Looks for list of small projects
“I want to look at all the land we own,” Fish went on, “And that we have not developed. We need to come up with a list of smaller-scale projects that would give people immediate ‘wins’ on the things that they want – instead of waiting for the day when we have substantial amount of resources to do everything that’s needed.”
These improvement may include, said Fish:
- New community gardens,
- Playground equipment,
- Ball fields, and
- Walking/hiking trails.
By the Bureau’s tackling some smaller-scale projects, Fish says, neighbors will become more interested in supporting their parks.

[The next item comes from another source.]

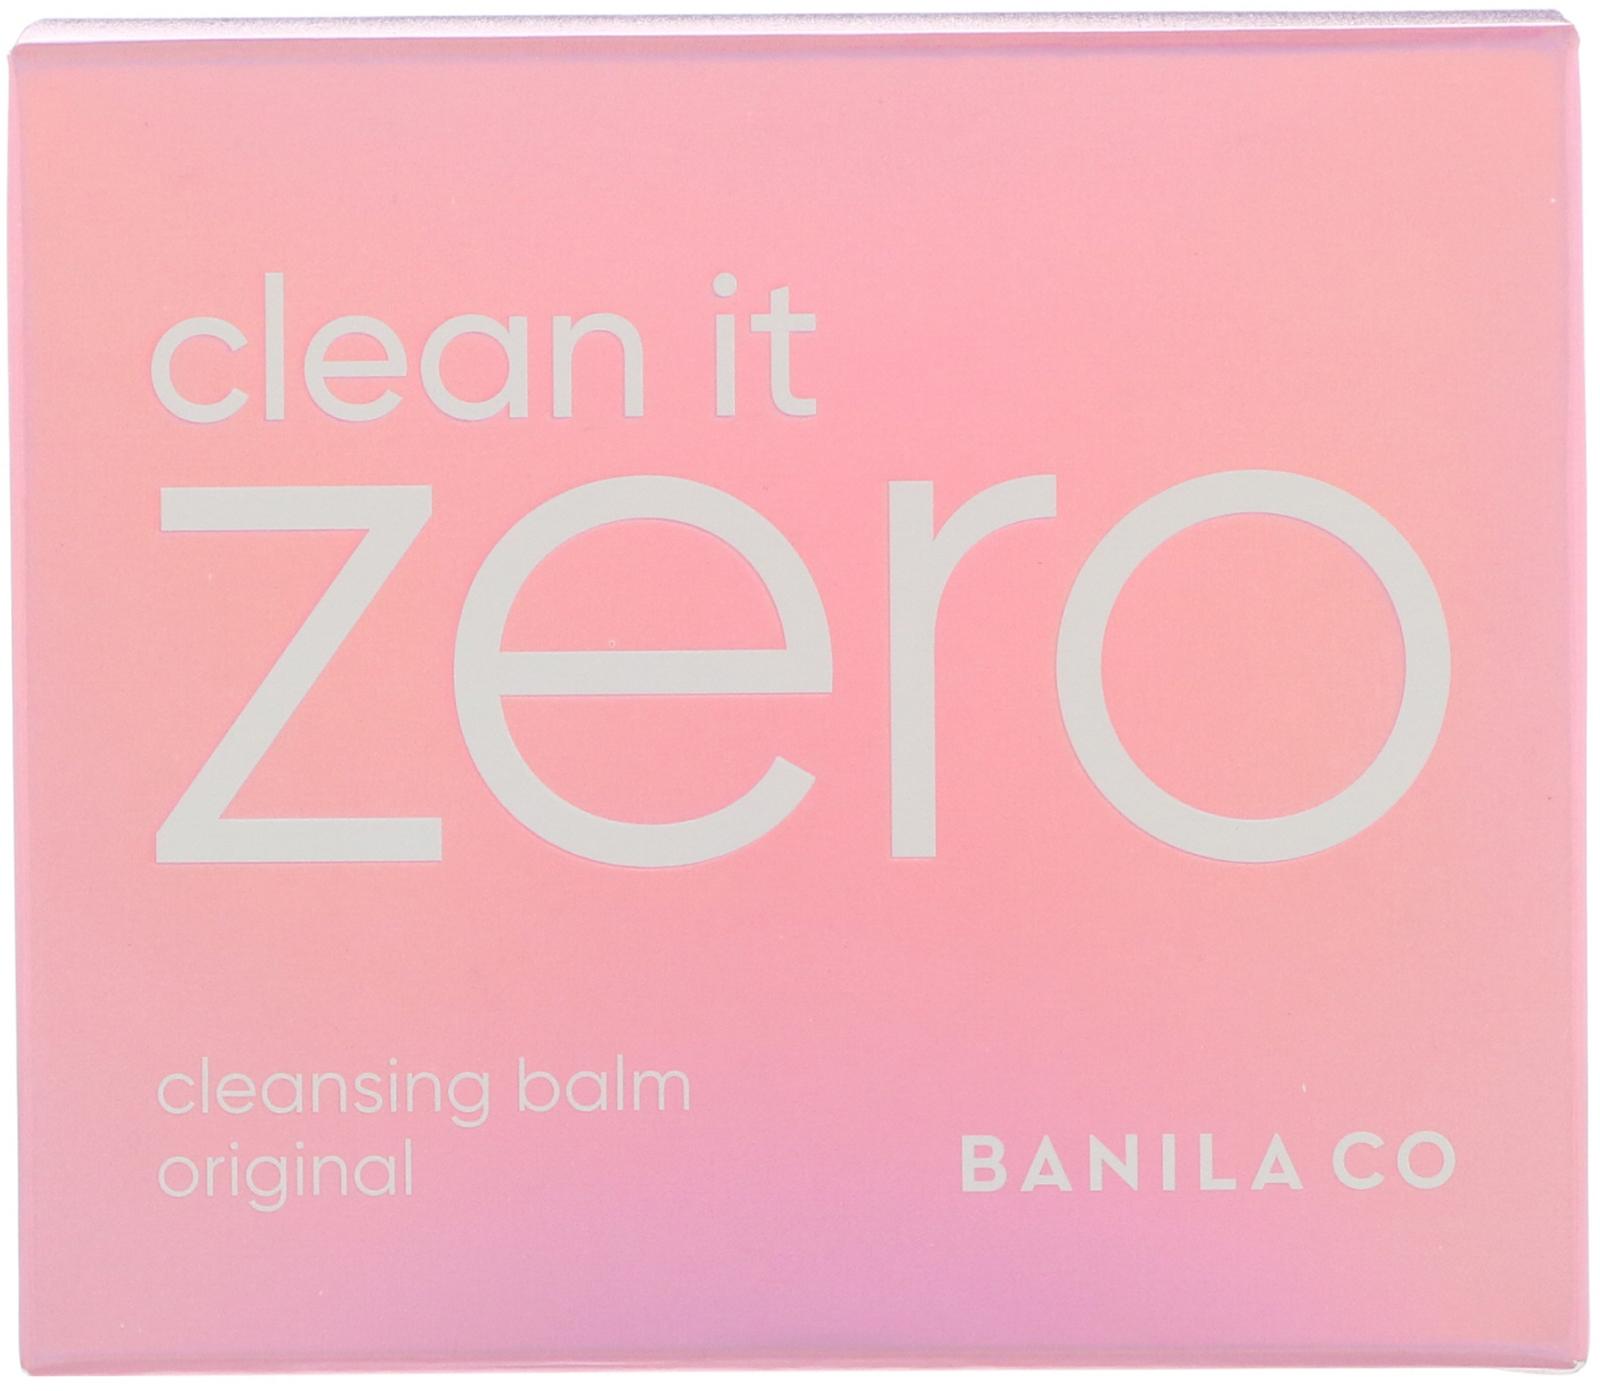 Banila Co Clean It Zero Cleansing Balm Original 338 Fl Oz 100 Nature Republic Himalaya Salt Pink

“These may be smaller-scale projects, but they have huge impact on people’s lives. What I said to my colleagues is, ‘If you give me the seed money, I will match it with private dollars.’ We’ll go to work, and start doing some good things.”
Then, Fish made the announcement all were eager to hear: “I’m very pleased to announce that Mayor Sam Adams has marked a half-million dollars, for the first year, in seed money. I commit to you, if we can hold the line on that budget item, I will go match it.”
Arlene Kimura of the Hazelwood Neighborhood Association; Hazelwood’s Linda Robinson, parks advocate and now PP&R Board member; and Alesia Reese all clearly look pleased by the commissioner’s announcement.
With funding secured, Fish said he’ll meet with folks in outer East Portland to hear the priorities set forth by the community. “With that information, we’ll set priorities and then, we’ll make them happen. Engaging people around our park spaces will kindle a sense of hope and possibility.”
Wrapping up, Fish concluded, “I wish I could do more, but instead of doing nothing, I want to launch a new things on a human scale, to make a difference in the community. You’ll hear a lot more about E-205. But I’m pleased that I can announce this here this evening.”